We’ve been here before. On October 12, the international community came together in Cairo and pledged $5.4bn towards the reconstruction of Gaza, over $1bn more than was requested including $1bn given by Qatar alone. The need has never been greater. Gaza was becoming “unliveable” before the unprecedented destruction and displacement of Israel’s bombardment – today the situation is utterly dire.
It was estimated that $4bn is needed to repair the damage from the latest violence. Back in 2009, a similar amount, $4.4bn, was pledged following Israel’s “Operation Cast Lead”. It was never delivered. Most of the projects to rebuild homes and hospitals and schools, the water and sewage systems, and the power station, all of them desperately needed, never took place; not because the donors’ broke their promises – but because the materials necessary for rebuilding were not allowed into Gaza.
Now that the donor conference has happened with all the pomp and ceremony that characterise such events, we must focus on learning the lessons from Cast Lead. It is not enough to pledge large sums. There must be cast iron assurances from Israel that the goods will be allowed in. There must be assurances also that exports will be allowed out and that Gaza’s shattered economy will be enabled to recover.

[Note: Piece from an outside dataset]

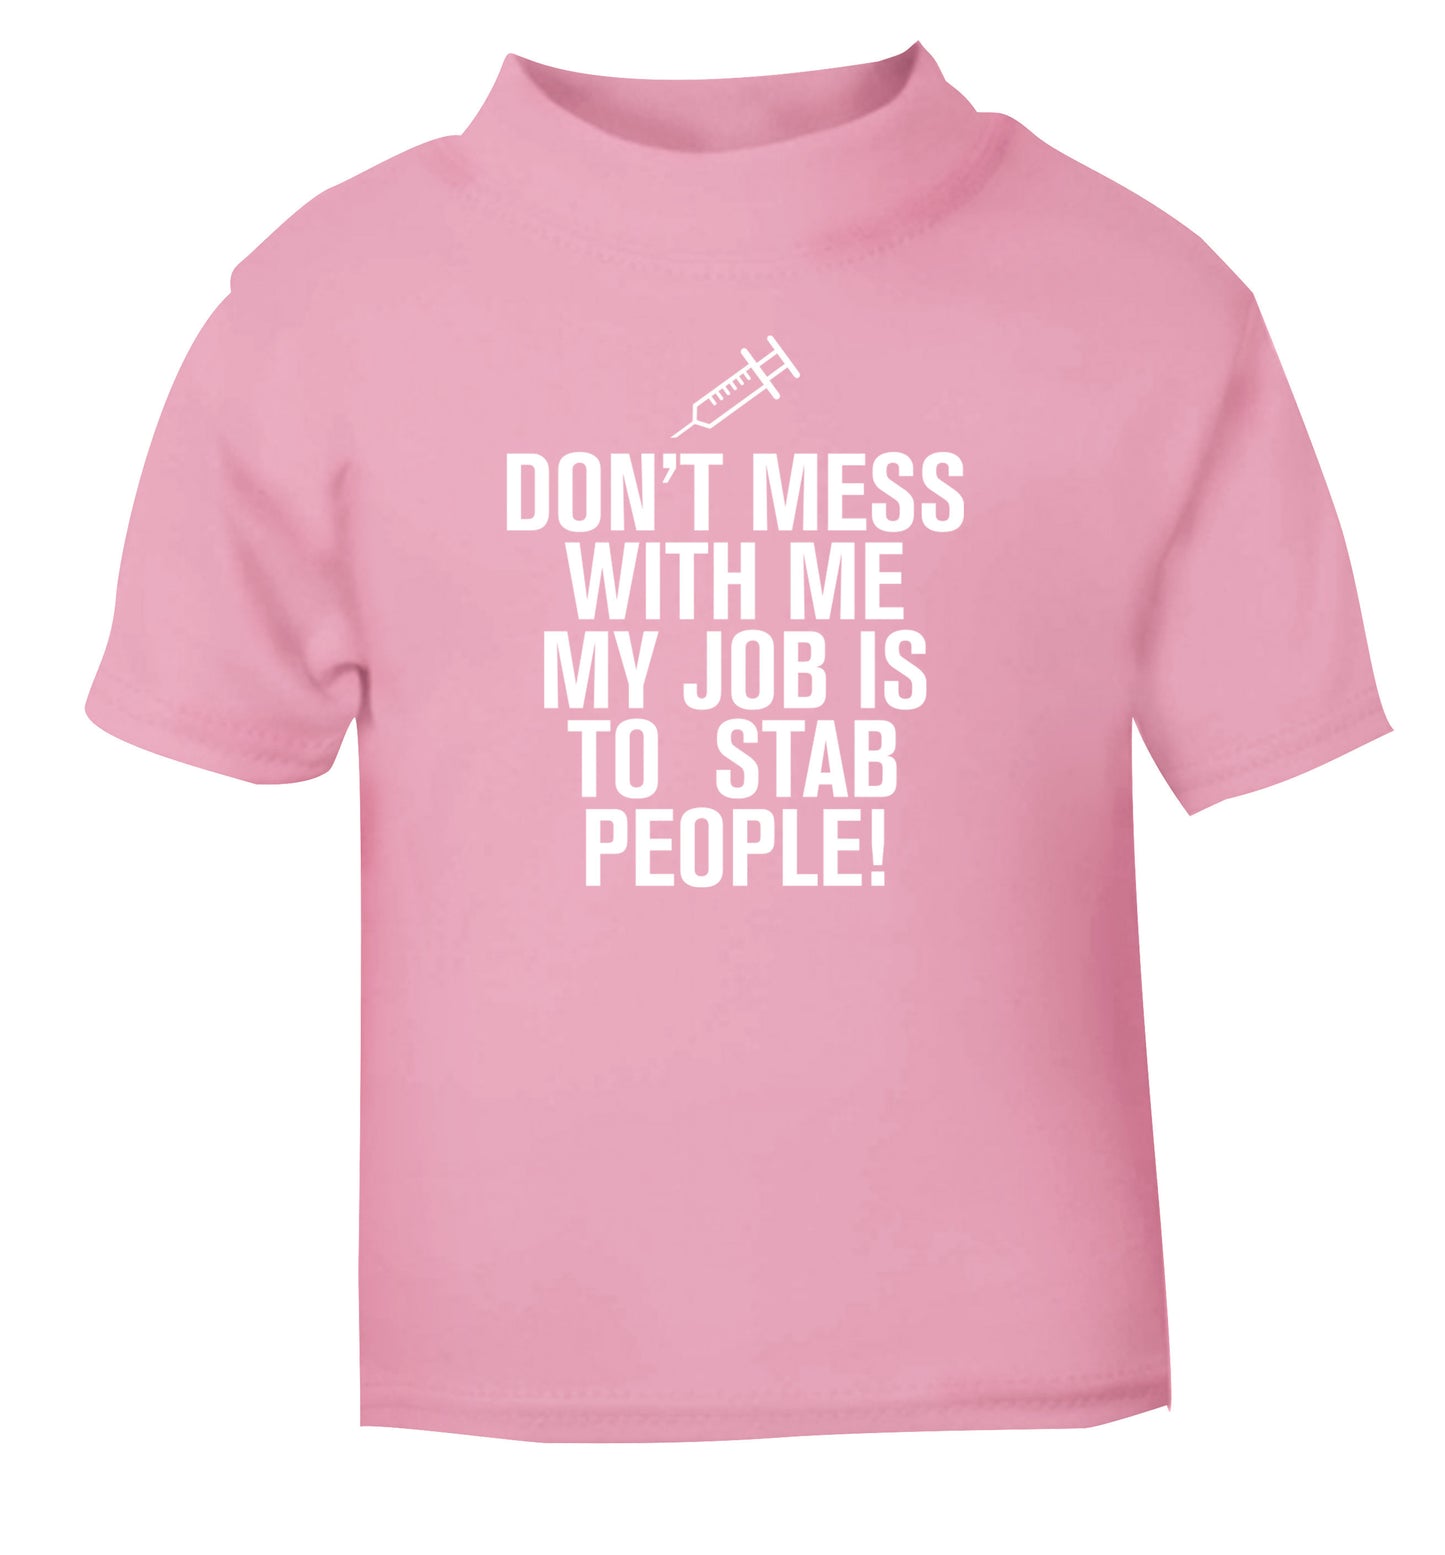 Don't mess with me my job is to stab people! light pink Baby Toddler Tshirt 2 Years

I was working with the UN at the time of Cast Lead, as head of the World Health Organisation (WHO) office for West Bank and Gaza. I was closely involved in the emergency response and the subsequent efforts over the following five years to support a recovery. It never happened.

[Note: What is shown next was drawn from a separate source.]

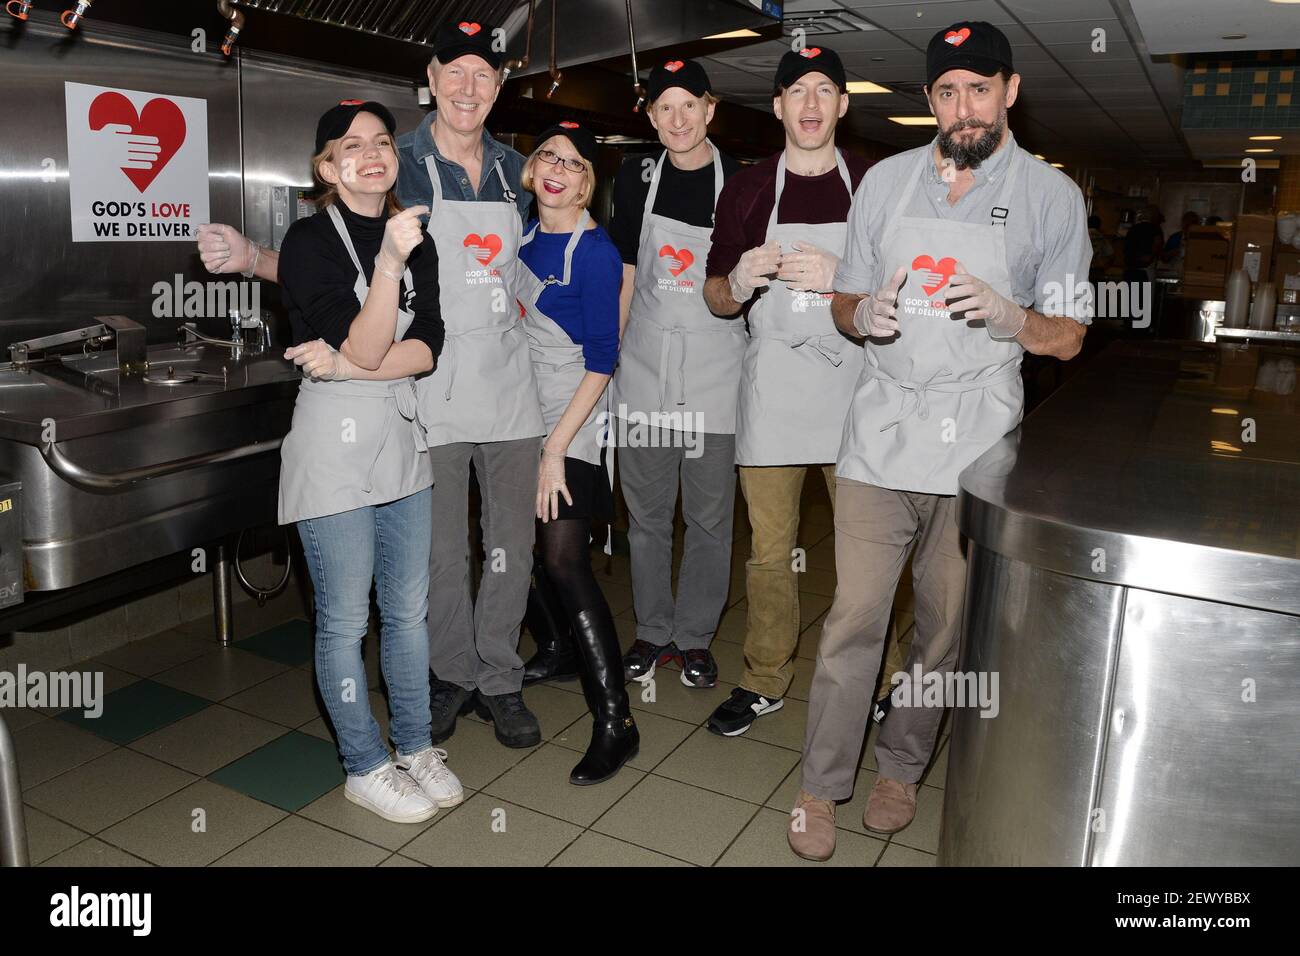 You Can't Take It With You" cast members (l-r) Anna Chlumsky, Byron  Jennings, Julie Halston, Nick Corley, Franz Kranz and Reg Rogers volunteer  to prepare meals at God's Love We Deliver kitchens

All our efforts were thwarted by Israel’s Kafkaesque obstruction and bureaucracy. They tied us up in knots negotiating how many trucks would be allowed in, when crossings would be open or closed, what information was needed for goods to be cleared, how many permits they would issue for UN drivers, and so on and so forth. Hopes were sometimes raised of a breakthrough, especially after the Mavi Marmara incident and the escalation of the conflict in November 2012, only for our expectations to be disappointed.
|Donors pledge $5.5bn for Gaza reconstruction|
Could things be different this time round? The details of the “Serry Plan” were leaked last week. The plan, which puts the UN and the Palestinian Authority at the heart of things, should lead to significant amounts of aid and rebuilding materials being allowed into Gaza.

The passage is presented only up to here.